Balance (The Divine, Book One) (38 page)

“What
would you have done if I hadn't been able to transport myself here? If I hadn't
discovered the secret of my Source?”

Dante
didn't hesitate to answer. “Of course, Signore, I would pray.”

Chapter
26

When
I regained my body, Dante was gone. Rebecca was snarling with her fangs bared,
and Josette and Obi sat on the couch and shook out their arms in disbelief that
they could move them again. I jumped to my feet and turned to Obi.

“Obi,
fire that thing up and see what you can get. We need to move fast.”

“What's
going on?” Josette asked. “The Outcast?”

“I'd
like to rip the Outcast into tiny little pieces,” Rebecca said. She relaxed her
posture and looked at me. “Where did he go?”

“Back
to Purgatory,” I told them. Then I gave them the rundown of what he had said to
me.

“Even
if the New York sanctuary is the only one standing, it will not be enough,”
Josette said. “With all of the angels forced to travel to one location, it will
be very easy for Reyzl to keep them boxed in. Archangel Michael will know this,
and will be forced to enter the battle himself.”

“Global
thermonuclear war,” I said.

“Which
means we have to find the Queenie before they have time to take out the rest of
the sanctuaries,” Obi said. “If the archfiends are orchestrating this whole
thing, then they have to know where she is, don't they?”

“Not
necessarily,” Rebecca said. “She could be sending everything along over an
encrypted online channel, or using familiars. There's no guarantee what Merov
knew will be of any use to us, but it's the best we've got right now.”

“What's
the password?” Obi asked. Rebecca reached out for the laptop. He handed it to
her and she keyed it in.

“It's
too complex to say it,” she explained, handing the computer back to Obi.

His
fingers flew over the keys as he worked his hacker magic. “This is going to
take some time,” he said after a few minutes. “There's just so much data here.”

Rebecca
reached out and took my hand. “We still need to talk,” she said. “Holler when
you find something.” She pulled me towards the bedroom again, and this time
there were no interruptions.

She
kissed me the moment the door had closed, wrapping her arms around my shoulders
and pulling my face down to hers. I could feel my pulse quickening at the
sensation of her lips against mine, the sweet smell of her, the soft firmness
of her body pressed against me.
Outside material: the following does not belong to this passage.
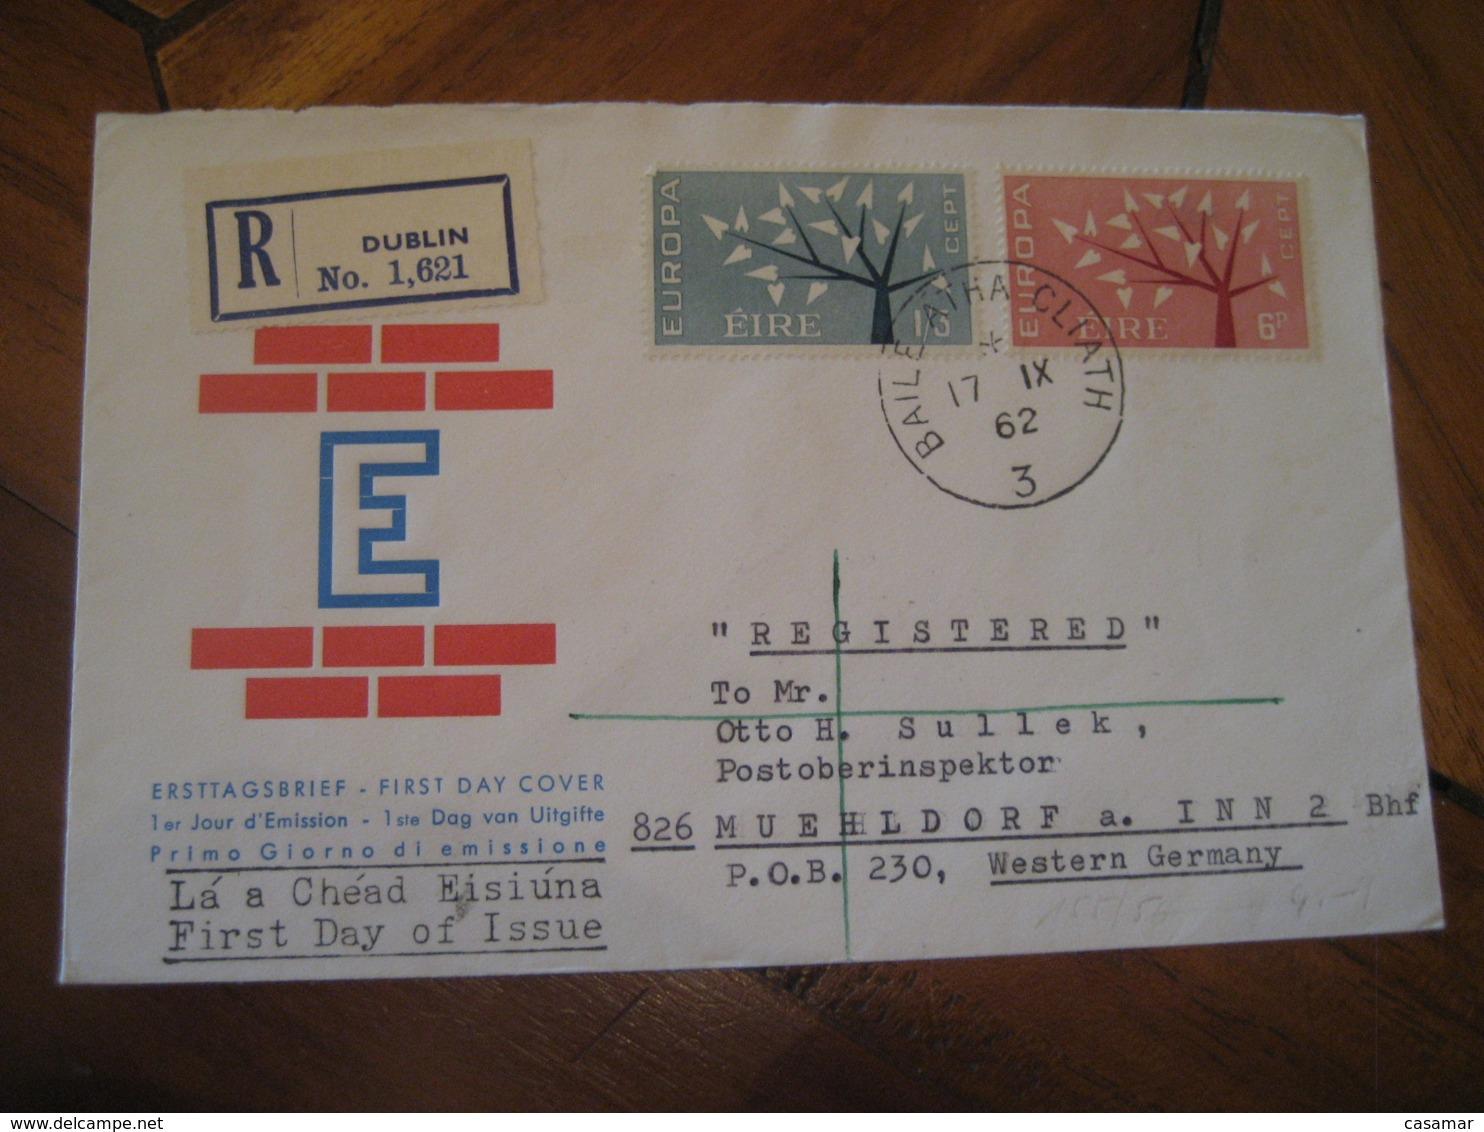 DUBLIN 1962 To Muehldorf Western Germany Europa Cept FDC Cancel Cover IRELAND Eire - 1949-... Republic Of Ireland

It was a moment I didn't want to end, a moment
that I wanted to get lost in, to hold onto forever,
to
forget about the consequences if we failed to find the Demon Queen. It would be
so much easier to stay here, to hide in the Waldorf Astoria with Rebecca and
enjoy one another until the demons came for us. Until we were forced to fight,
were overwhelmed and destroyed. It was the last part that caused me to break the
embrace, to end the kiss.

“You
are incredible,” she said to me.

“So
are you,” I replied.

I had
so many thoughts circulating through my head, but I didn't know how to express
any of them. They all coalesced in the same spot. I wanted her to stay with me,
to stay by my side, to be my girlfriend? It seemed a naïve and simplistic way
to describe the relationship I hoped we could have. Girlfriends were for
humans. I didn't know what it was for us. She was here, now, so that would have
to be good enough.

“Whatever
happens,” she said, “I want you to know that I'm so happy that I met you, and
that we got to spend the last few days together. You've changed my life in more
ways than you can imagine.”

Saying
the premature goodbyes like this, it was like Casablanca or something. “Here's
looking at you, kid,” I replied. She laughed at my bad humor. “Seriously, I'm
not giving up until I'm dead. If I have to take on all of the demons in Hell,
so be it. They'll be after me anyway, and it's not like there'll be much else
to do once Hollywood has been eaten.”

She
smiled. “We'll fight together,” she said. “You're mine. I'm not about to let
some other demon take you.”

“That's
super sweet of you,” I said. “There was something else you wanted to tell me.
Something you learned from Merov.”

Rebecca's
smile faded. “It doesn't matter now,” she said. “If we make it through the next
twenty four hours, we can talk about it then.”  

I was
reluctant to just drop it, but it wouldn't matter anyway if we failed to stop
the Demon Queen. I pulled Rebecca close again and kissed her, initiating the
intimacy for the first time. Her response was passionate, ferocious, her mouth
hungry for mine. The hunger. It was as Josette had named it. I would have let
it continue for who-knows-how-long, but Obi was way too good at cracking
computers.

“I've
got something,” he shouted from the sitting room. I gave Rebecca one last kiss,
and we dashed out to see what Obi had discovered.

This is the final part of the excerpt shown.